I have a SAMBA server on my home LAN running fine. My main computer is a MacBook Pro laptop; its 320GB hard drive used to be enough for me, but now I'm filling it up, I've considering expanding it.
An alternative would be to expand my server with some more hard drives and use soft-RAID1 (I have 4 drives in two sets of mirrors at the moment) for data protection, then use either SAMBA or iSCSI to map them on my Mac, keeping data I don't need perpetual access to on this volume. Since I could have RAID protection of the volume, this is quite tempting.
SAMBA on my server manages about 22MB/sec read and write over Gb ethernet, but I'm noticing some lag with the volumes, and I'm worried I would overload the server by using it as a working disk (the server is not very powerful, being Celeron-based, built more for low power usage than processing power).
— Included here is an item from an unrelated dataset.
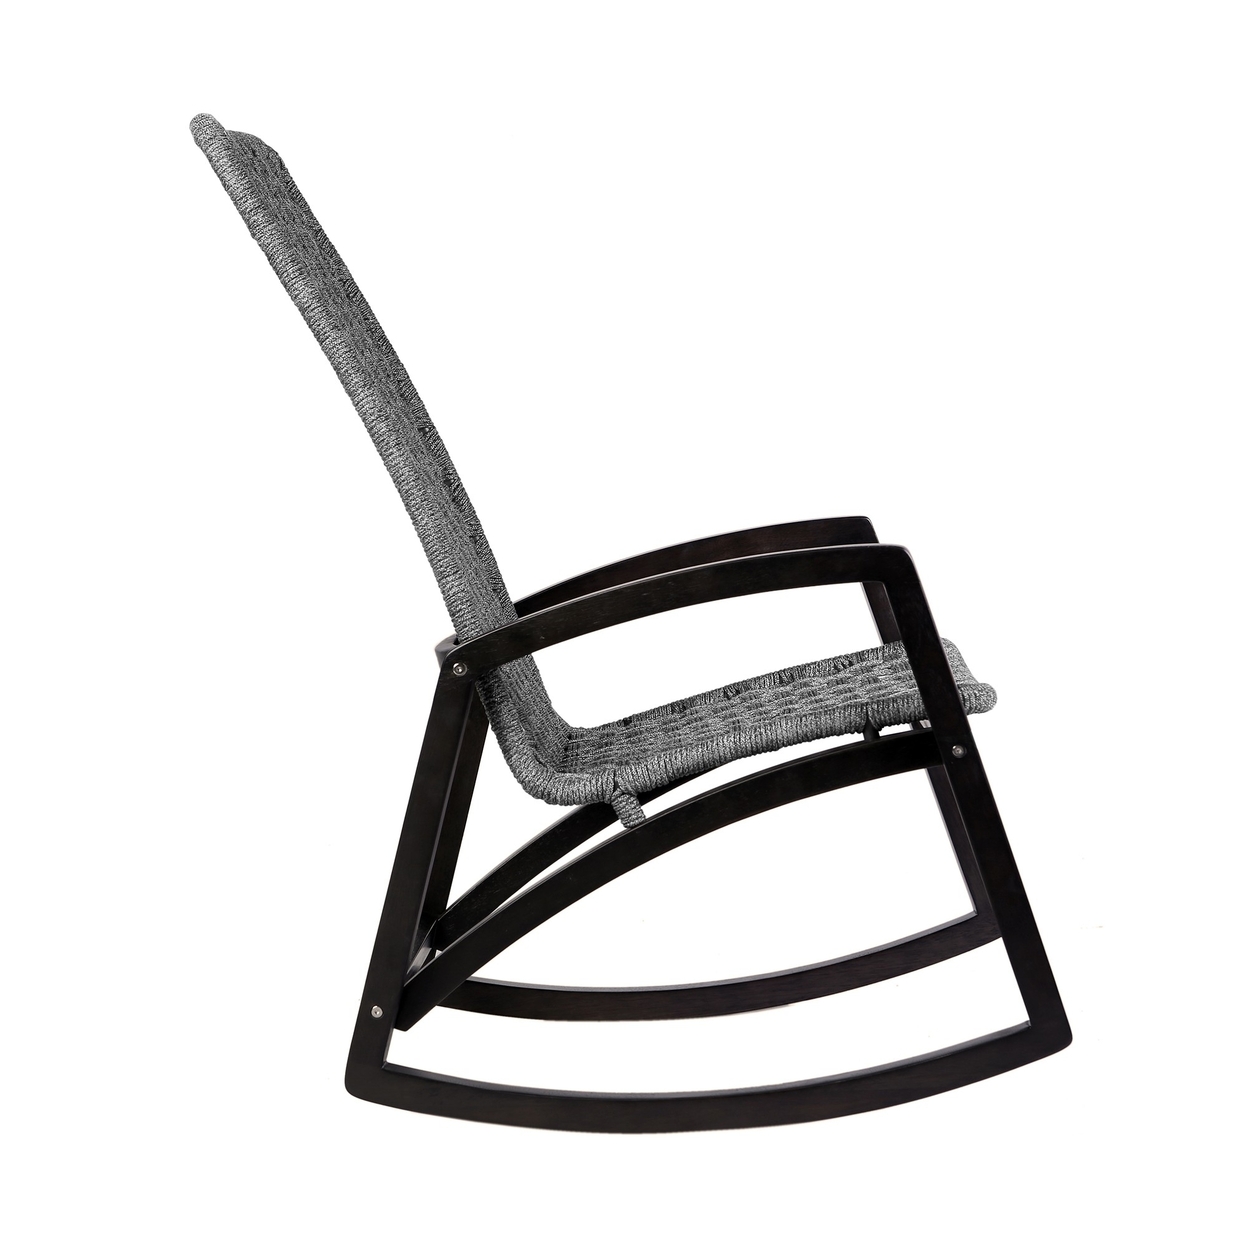 Arlo 31 Inch Patio Rocking Chair, Dark Eucalyptus Wood, Gray Rope Seat- Saltoro Sherpi

We've experimented with iSCSI at work, and I've noticed some good data rates. As the disk is a block device, it doesn't have the SAMBA level in between, so I assume it would have higher performance. I found a freeware iSCSI iniator for my Mac, and am now debating which route to go down.
I'm familiar with SAMBA and use it heavily. I've set up a tgt-based server at work which worked amazingly well first-time with Windows, and got decent transfer speeds, but we were using a potent PowerEdge machine.
I guess it boils down to, which route would be the least processor-intense for the server whilst getting good data rates. I'd be the only user of the volume, but SAMBA will be running on the server anyway. Any ideas?